有监督双语词典构建方法在进行训练的过程中需要大规模高质量的平行语料作为监督方式进行训练,然而对于低资源语言来说大规模高质量的词典是难以获取的。半监督方法双语词典构建方法利用种子词典降低了监督程度,虽然降低了对大规模词典的需求,但是由于种子词典的建立需要同源词或者共享单词对语言种类却进行了限制。无监督双语词典构建方法不需要任何程度的监督方式,只需要利用单语语料或者单语词向量就能够进行双语词典的抽取。Supervised bilingual dictionary construction methods require large-scale high-quality parallel corpus as a supervised training method during the training process. However, it is difficult to obtain large-scale high-quality dictionaries for low-resource languages. The semi-supervised method of bilingual dictionary construction uses seed dictionaries to reduce the degree of supervision. Although the demand for large-scale dictionaries is reduced, the language types are limited because the establishment of seed dictionaries requires cognate words or shared words. The unsupervised bilingual dictionary construction method does not require any degree of supervision, and only needs to use monolingual corpus or monolingual word vectors to extract bilingual dictionaries.

平行语料库的难以获取一方面是由于构建平行语料库需要耗费大量的人力物力,另一方面是许多质量较好的平行语料库并不免费开放使用。此外,对于低资源语言来说,少有高质量的平行语料库或者没有对应的平行语料库,但是相关的低资源语言的单语语料却能够在互联网上大量获得。基于以上原因,只需要利用单语语料的无监督双语词典构建方法逐渐成为研究热点。The difficulty of obtaining parallel corpora is due to the fact that building a parallel corpus requires a lot of manpower and material resources, and on the other hand, many parallel corpora with good quality are not free and open for use. In addition, for low-resource languages, there are few or no high-quality parallel corpora, but related monolingual corpora of low-resource languages can be obtained in large quantities on the Internet. Based on the above reasons, the unsupervised bilingual dictionary construction method that only needs to use monolingual corpus has gradually become a research hotspot.

目前无监督双语词典的构建方法主要有两种:At present, there are two main methods for constructing unsupervised bilingual dictionaries:

(1)是利用对抗学习的方法进行无监督双语词典构建,利用判别器来区分映射的源向量和目标向量,训练生成器(映射矩阵)来欺骗判别器。
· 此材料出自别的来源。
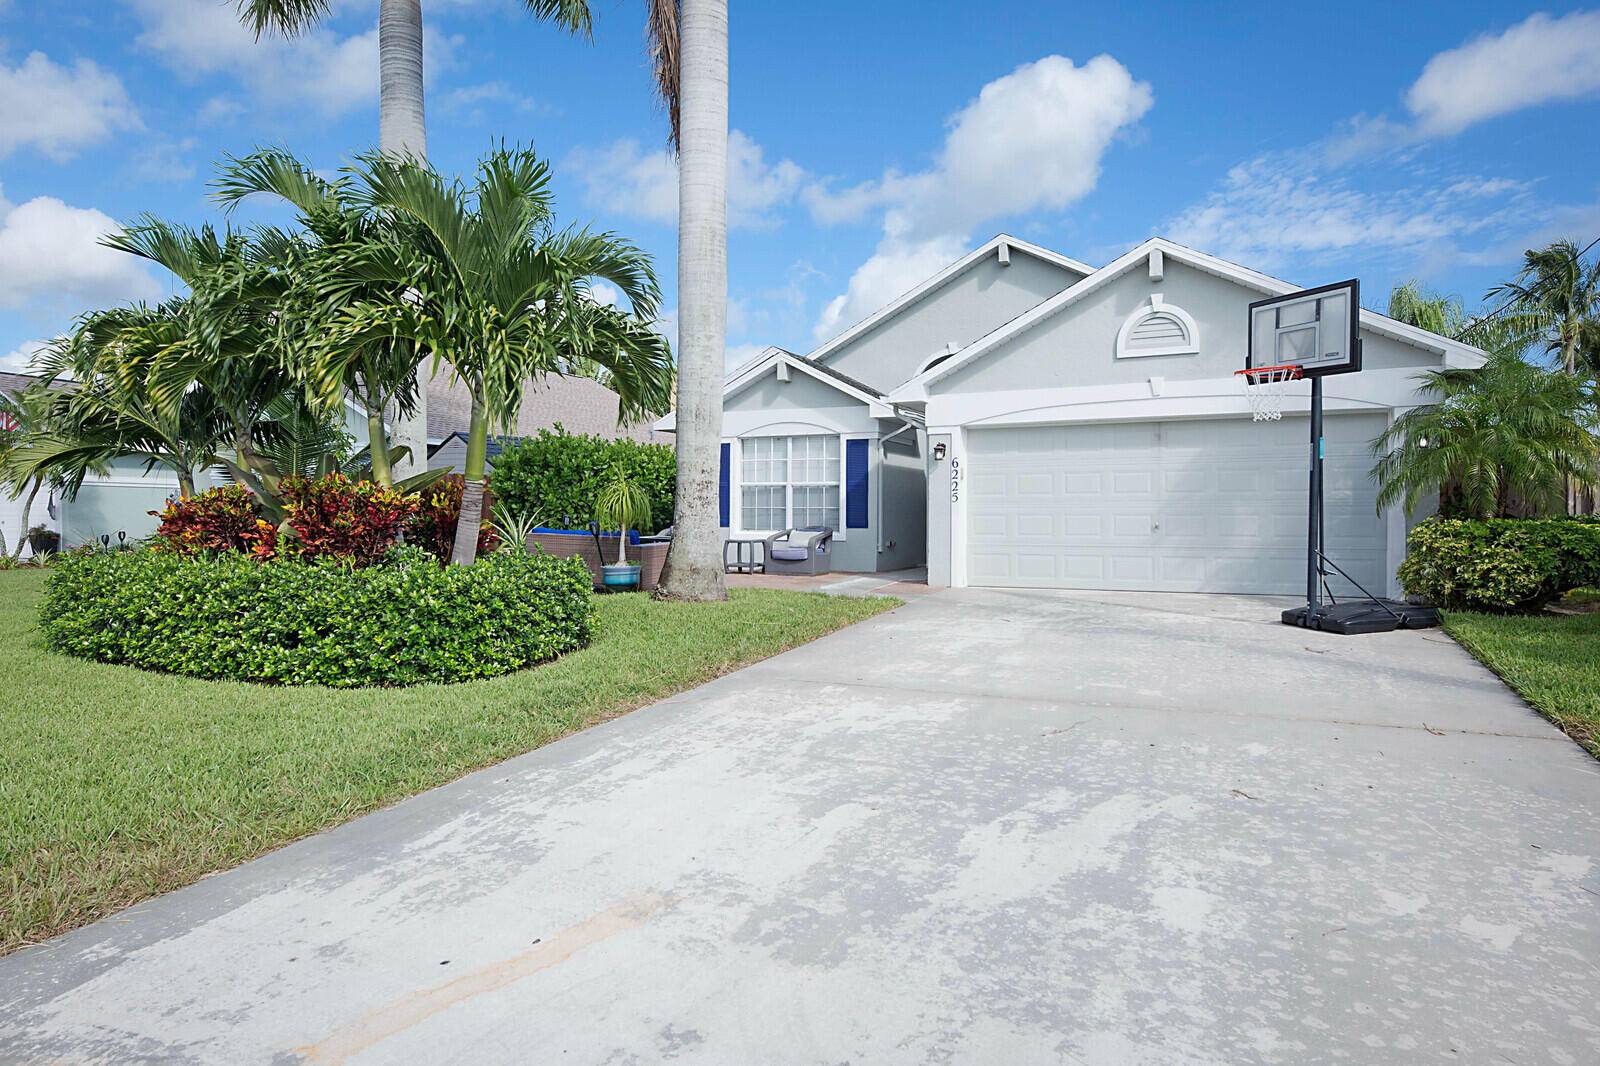 ABSOLUTELY beautiful home in the sought after Jupiter Heights community.

(1) is to use the method of adversarial learning for unsupervised bilingual dictionary construction, use the discriminator to distinguish the mapped source vector and target vector, and train the generator (mapping matrix) to deceive the discriminator.

(2)是根据词向量结构相似性等方法进行初始词典的构建,之后迭代自学习方法学习映射。(2) The initial dictionary is constructed according to the similarity of the word vector structure, and then the iterative self-learning method learns the mapping.

发明内容Contents of the invention

本发明的目的是为了解决低资源语言平行语料库匮乏导致的双语词典构建代价过高的问题,以及提高基于无监督双语构建的词典的性能的问题,而提出的一种基于语料合并的无监督双语词典构建方法The purpose of the present invention is to solve the problem of high cost of bilingual dictionary construction caused by the lack of parallel corpora of low-resource languages, and to improve the performance of dictionaries based on unsupervised bilingual construction. Dictionary construction method

一种基于语料合并的无监督双语词典构建方法,基于语料合并的无监督双语词典构建方法包括以下步骤:A kind of unsupervised bilingual dictionary construction method based on corpus merging, the unsupervised bilingual dictionary construction method based on corpus merging comprises the following steps:

步骤一、根据源语言单语语料和目标语言单语语料训练得到各自对应的词向量;Step 1. According to the source language monolingual corpus and the target language monolingual corpus training, corresponding word vectors are obtained;

步骤二、计算步骤一得到的词向量对应的两个自相似度矩阵,利用自相似度矩构建初始化词典D0,并根据初始化词典D0迭代自学习方法得到映射矩阵W;Step 2, calculating two self-similarity matrices corresponding to the word vectors obtained in step 1, using the self-similarity moment to construct the initialization dictionary D0, and obtaining the mapping matrix W according to the iterative self-learning method of the initialization dictionary D0;

步骤三、根据步骤二得到的映射矩阵W,将源语言词向量映射到目标语言词向量空间中,并据此抽取词典;Step 3. According to the mapping matrix W obtained in step 2, the source language word vector is mapped to the target language word vector space, and a dictionary is extracted accordingly;

步骤四、根据步骤三得到的词典替换原来单语语料的单词并混合两个单语语料得到混合语料;Step 4, replace the words of the original monolingual corpus according to the dictionary obtained in step 3 and mix two monolingual corpora to obtain a mixed corpus;

步骤五、利用词向量训练方法训练步骤四得到的混合语料并获取混合语料的词向量;Step 5, using the word vector training method to train the mixed corpus obtained in step 4 and obtain the word vector of the mixed corpus;

步骤六、将步骤五中得到混合词向量分开得到新的源语言和目标语言词向量;Step 6, separate the mixed word vectors obtained in step 5 to obtain new source language and target language word vectors;

步骤七、将步骤六得到的新的源语言和目标语言词向量作为输入,重新进行步骤二的过程得到新的映射矩阵W1,利用W1将不同语言的词向量映射到同一个向量空间,在该向量空间中可以根据相似度构建词典。Step 7. Take the new source language and target language word vectors obtained in step 6 as input, repeat the process of step 2 to obtain a new mapping matrix W1, and use W1 to map word vectors in different languages to the same vector space. In this In the vector space, dictionaries can be constructed according to the similarity.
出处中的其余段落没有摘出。